You can study bibliotherapy as part of psychotherapy or even Library Science today, but it’s been the informal practice of many a good librarian or bookshop owner for years. You can tell a lot about someone’s state of mind from the books they choose. If you’re unwilling to trust your local librarian, you can even get a bibliotherapy consultation from somewhere like the School of Life where they’ll match a book prescription to your personality type.
In Reading as Therapy: What Contemporary Fiction does for Middle-class Americans, Timothy Aubry argues that fiction provides readers with a therapeutic vocabulary that enables connections and sympathies with other people. The more formal sharing and talking about stories in book groups and on radio and television programs replicates the sharing of story that used to happen around the daily or weekly reading of religious texts, or the telling of fables and fairy tales. But as with all medications, it’s important to choose the right drug and dose.
When I’m sick I rarely turn to something new. I want something as soothing and undemanding as a mother’s hand on my forehead. I used to read Lord of the Rings at the start of every Christmas school holiday. It was a cleansing ritual, purging school from my system before the true holiday could begin.
When I take to my bed – whatever the illness – it’s a diet of the familiar that gets me through. I turn to my favourite Bronte – Anne, (not as self-indulgent as Emily and less self-satisfied than Charlotte). The grounds of Pemberley have become too polluted with replicants and Zombies to provide the relief they once did, but Persuasion is always good when I need Austen. I like the predictability of Agatha Christie, the humour of Terry Pratchett, or the comfort of Garth Nix’s Old Kingdom Trilogy. (A coincidence, perhaps, that both the latter feature librarians.)

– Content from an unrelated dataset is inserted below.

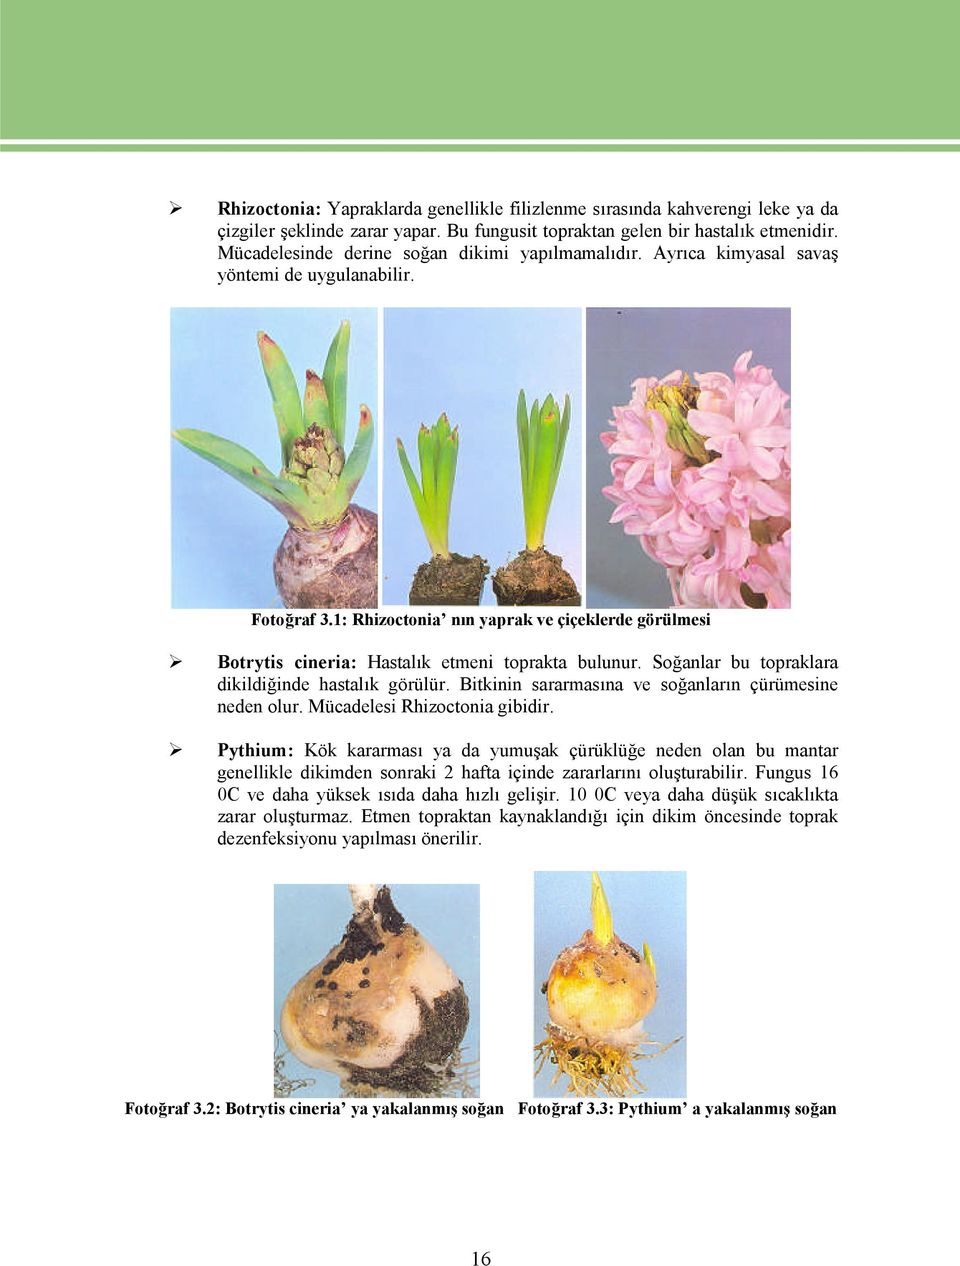 1: Rhizoctonia nın yaprak ve çiçeklerde görülmesi Botrytis cineria: Hastalık etmeni toprakta bulunur. Soğanlar bu topraklara dikildiğinde hastalık görülür.

The popularity of series books for teenagers– the Harry Potters, the Twilights, is in part about that same familiarity. A cure for the pain of adolescence? ** Familiar books can create a meditative almost trancelike experience. I’ve always thought in the unlikely circumstance of being forced to undergo surgery without anaesthetic, that I would take a well worn book. In the mean time, I make sure I always have a lots of doses on hand in the medicine cabinet I call my bookshelf.